Lipkin's telling of this story is astutely crafted, and his dialogue is always sharp. He gets sidetracked some when other characters come into the mix -- there is a cast of eight -- and he never really justifies their presence. This is particularly true of Boris' brother, Andre (Matthew Dellapina), whose only real purpose seems to be supplying half of a terrific duet with Pasha in the second act. (Yes, the show includes two songs -- the other sung in the first act by Ms. St. Paule -- and boasts a DJ (Brian Gottesman) as well.) The final character is Boris' sidekick, who has the peculiarly non-Russian name, Jackson (Larry Bloch). Some tightening and/or fleshing out would make this into a play I could unreservedly commend.
Director Adam Melnick has assembled a very fine cast, and has providing a staging which is very much in synch with the show's tone. All of the show's design elements are also intelligent.

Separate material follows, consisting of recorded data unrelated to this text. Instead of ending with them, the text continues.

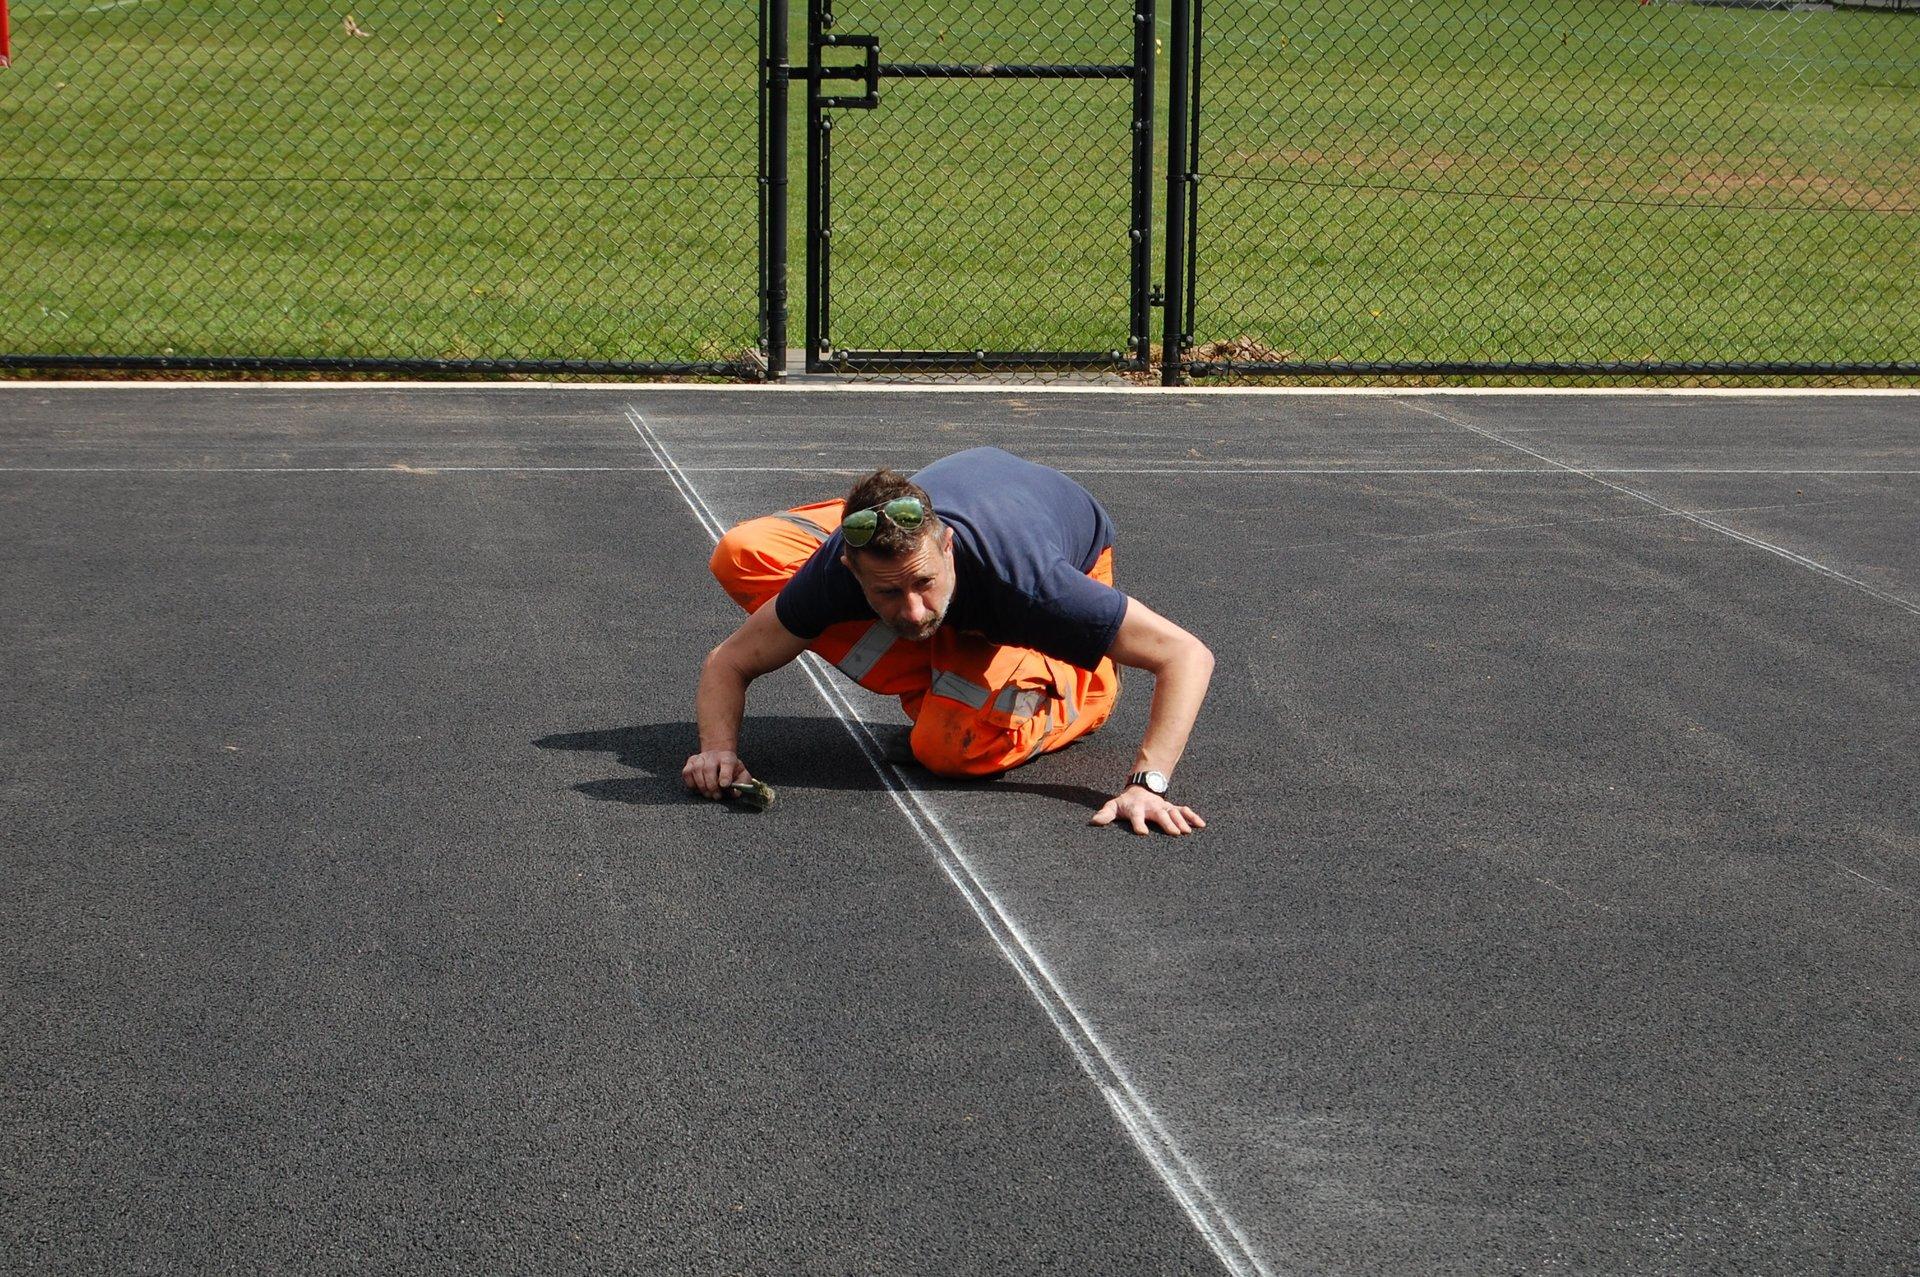 asphalt tennis court
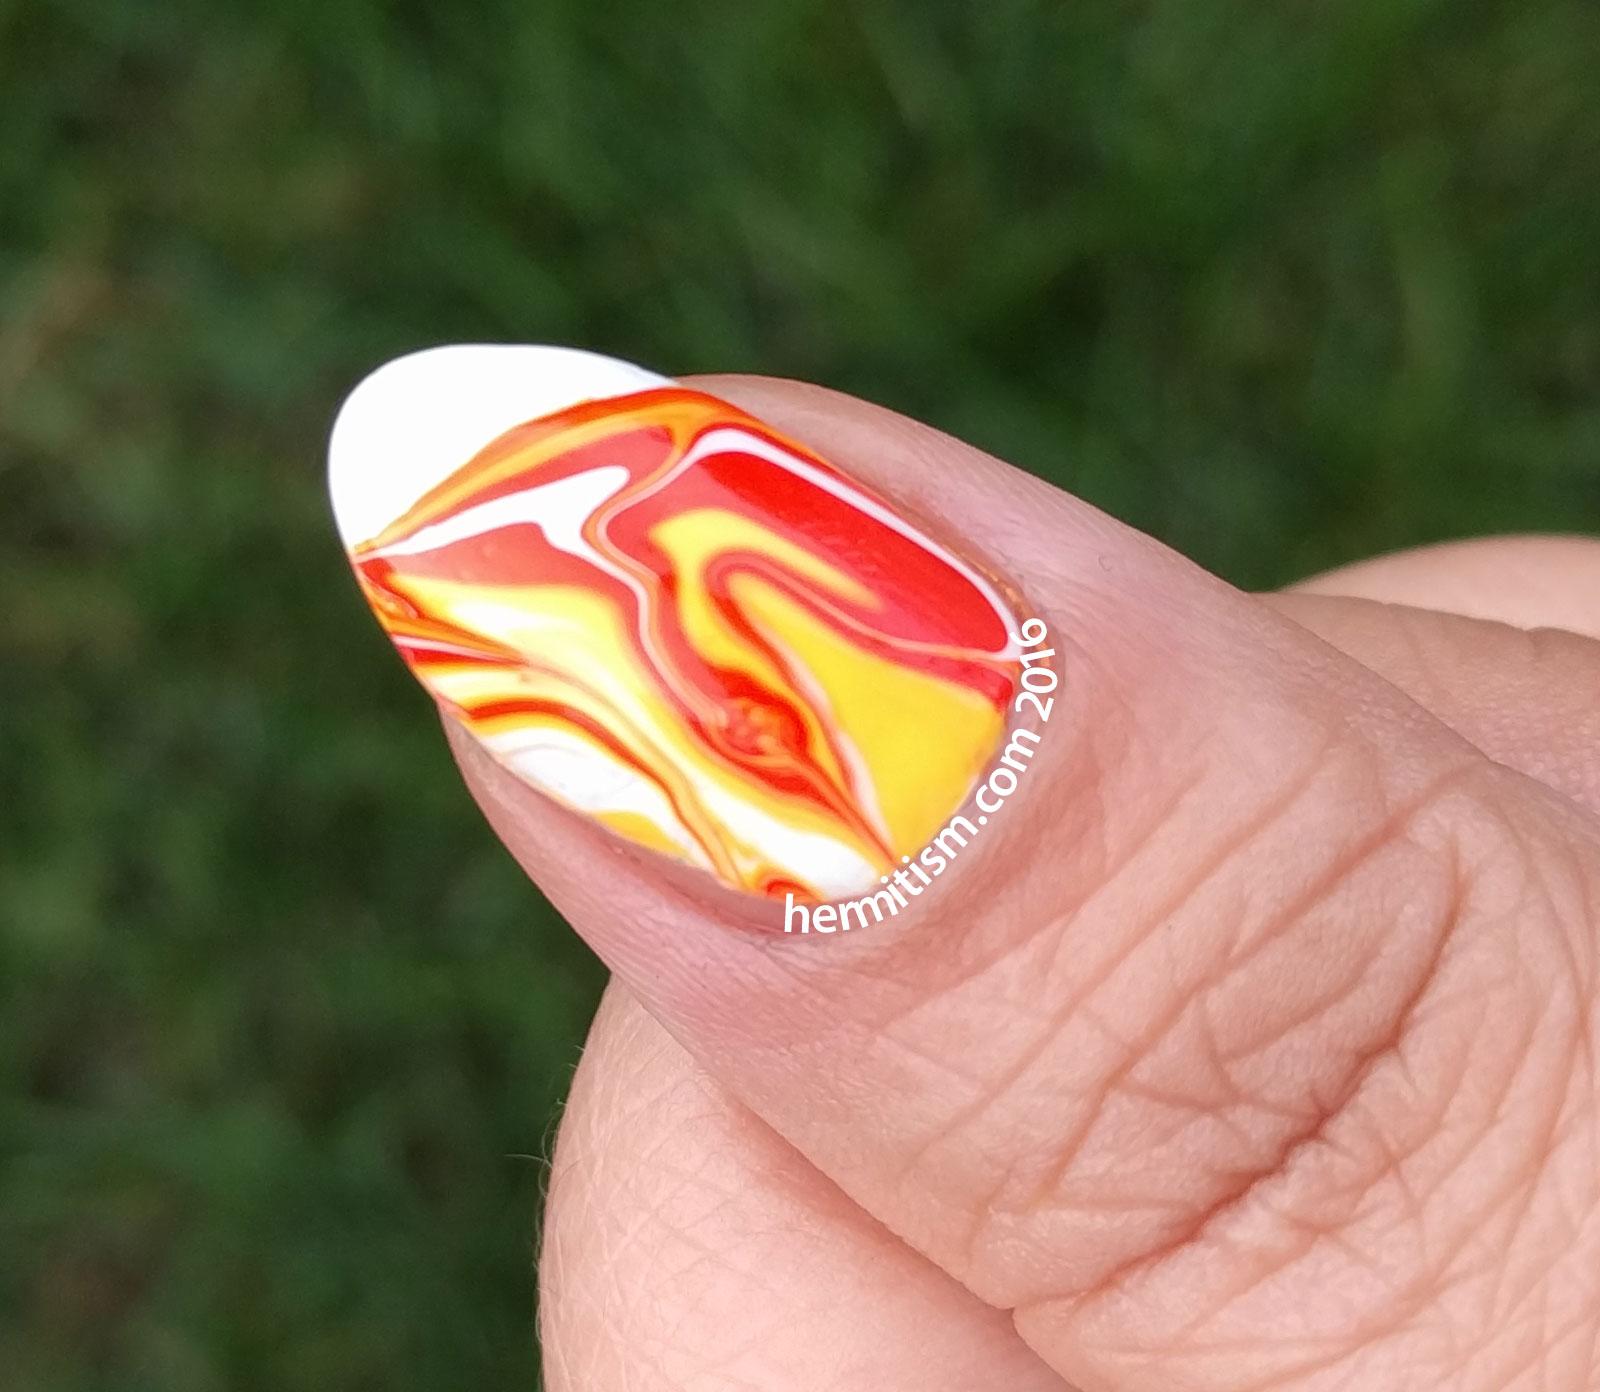 Watermarble - 31 Day Nail Art Challenge - Hermit Werds
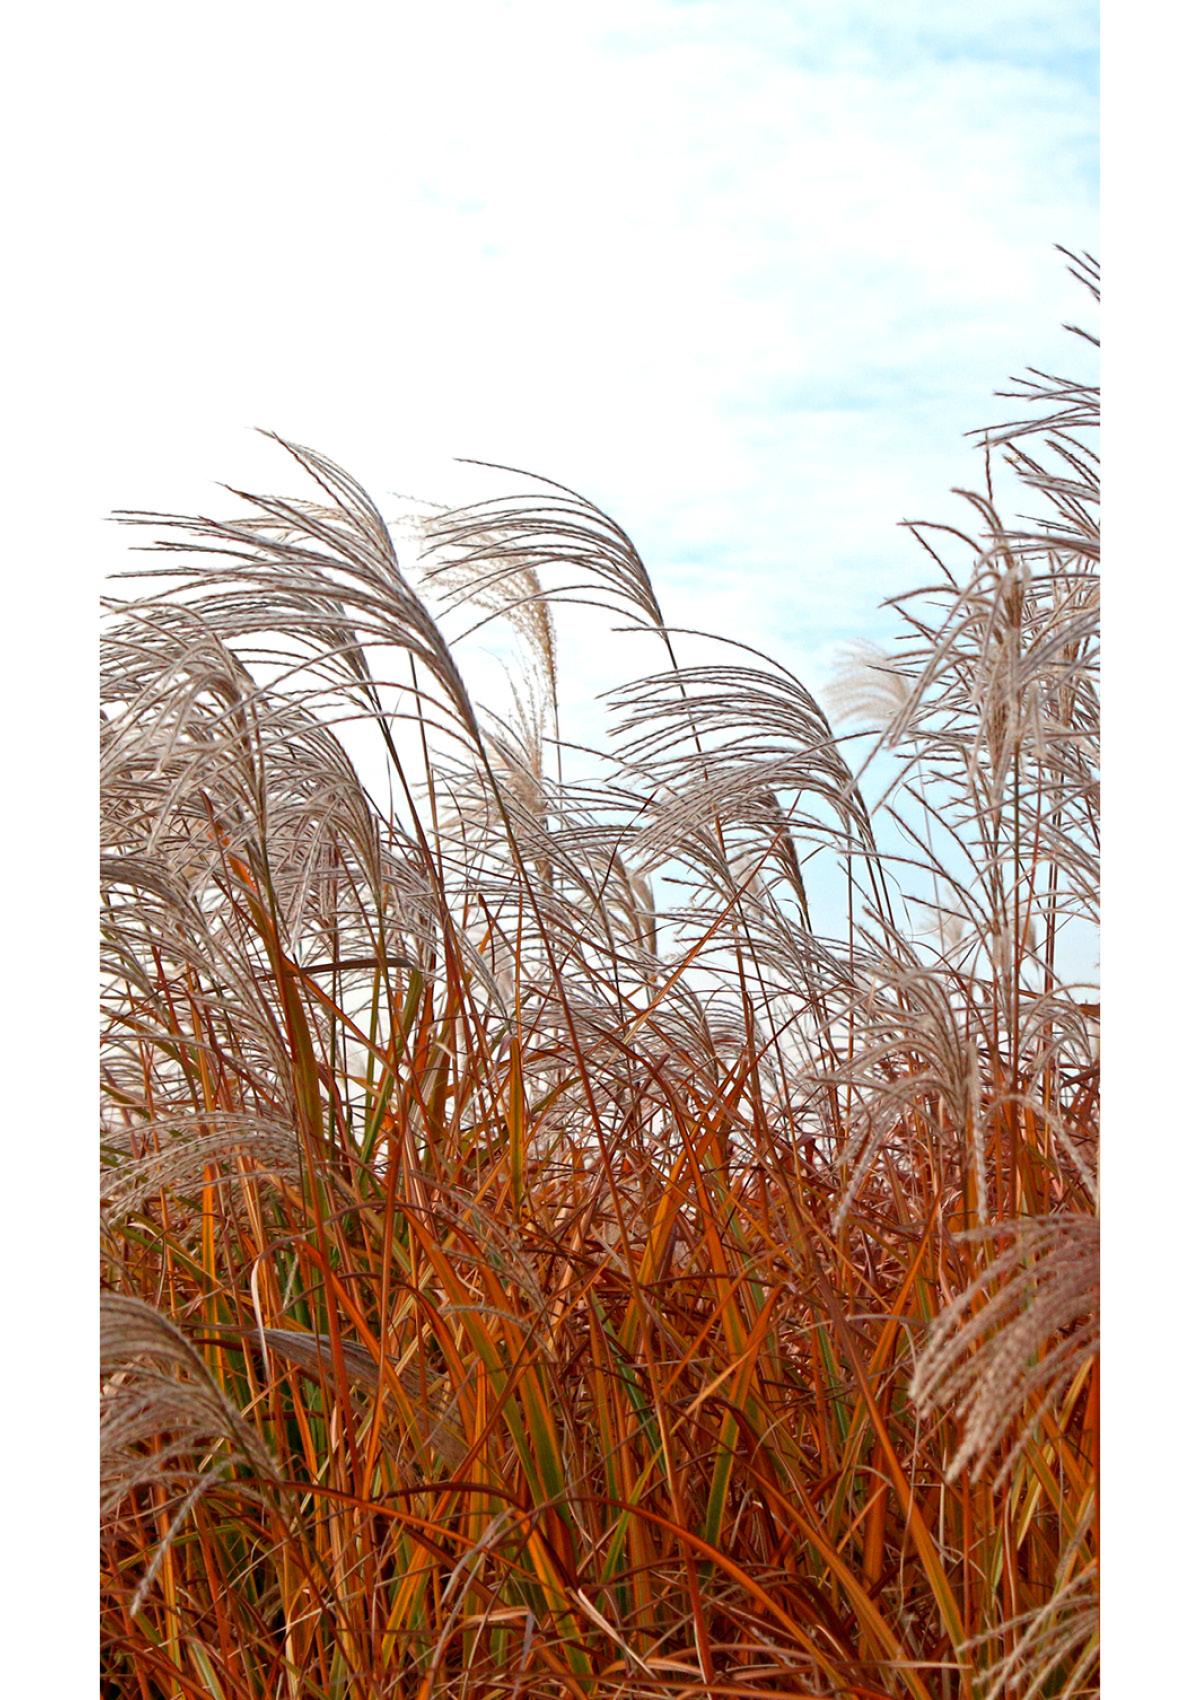 Dekor Gras im Wind (Flat E)

Mr. Kanor is alternately charming, endearing and menacing. As his foil (more or less), Mr. Kipiniak is especially effective in conveying the sense of a Russian immigrant who is fighting hard to find his way in America without a great quantity of grace to fall back on. Ms. Campbell is a fine actress who understands Shura's nature even if she hasn't quite the same facility with the Russian dialect that Kipiniak displays. One of the real joys of this production is the excellent work displayed by the older cast members: Ms. St Paule as the priceless babushka, Mr. Block as the smarter and funnier half of the keystone cops duo he makes up with Boris and Mr. Lachow as the dapper, combustible Boss. Matthew Dellapina is as impressive as he can be in a role that is somewhat thankless, and Mr. Gottesman does well as both the onstage musician/DJ and also as the "voice" of the Mexican soap opera to which Shura is oddly addicted.
Playwrights are always told "write what you know," and it's clear Mr. Lipkin succeeds by doing so, and marrying it with a healthy dose of imagination.
Dmitry Lipkin's Cranes
Retold by Tina Packer of Shakespeare & Co.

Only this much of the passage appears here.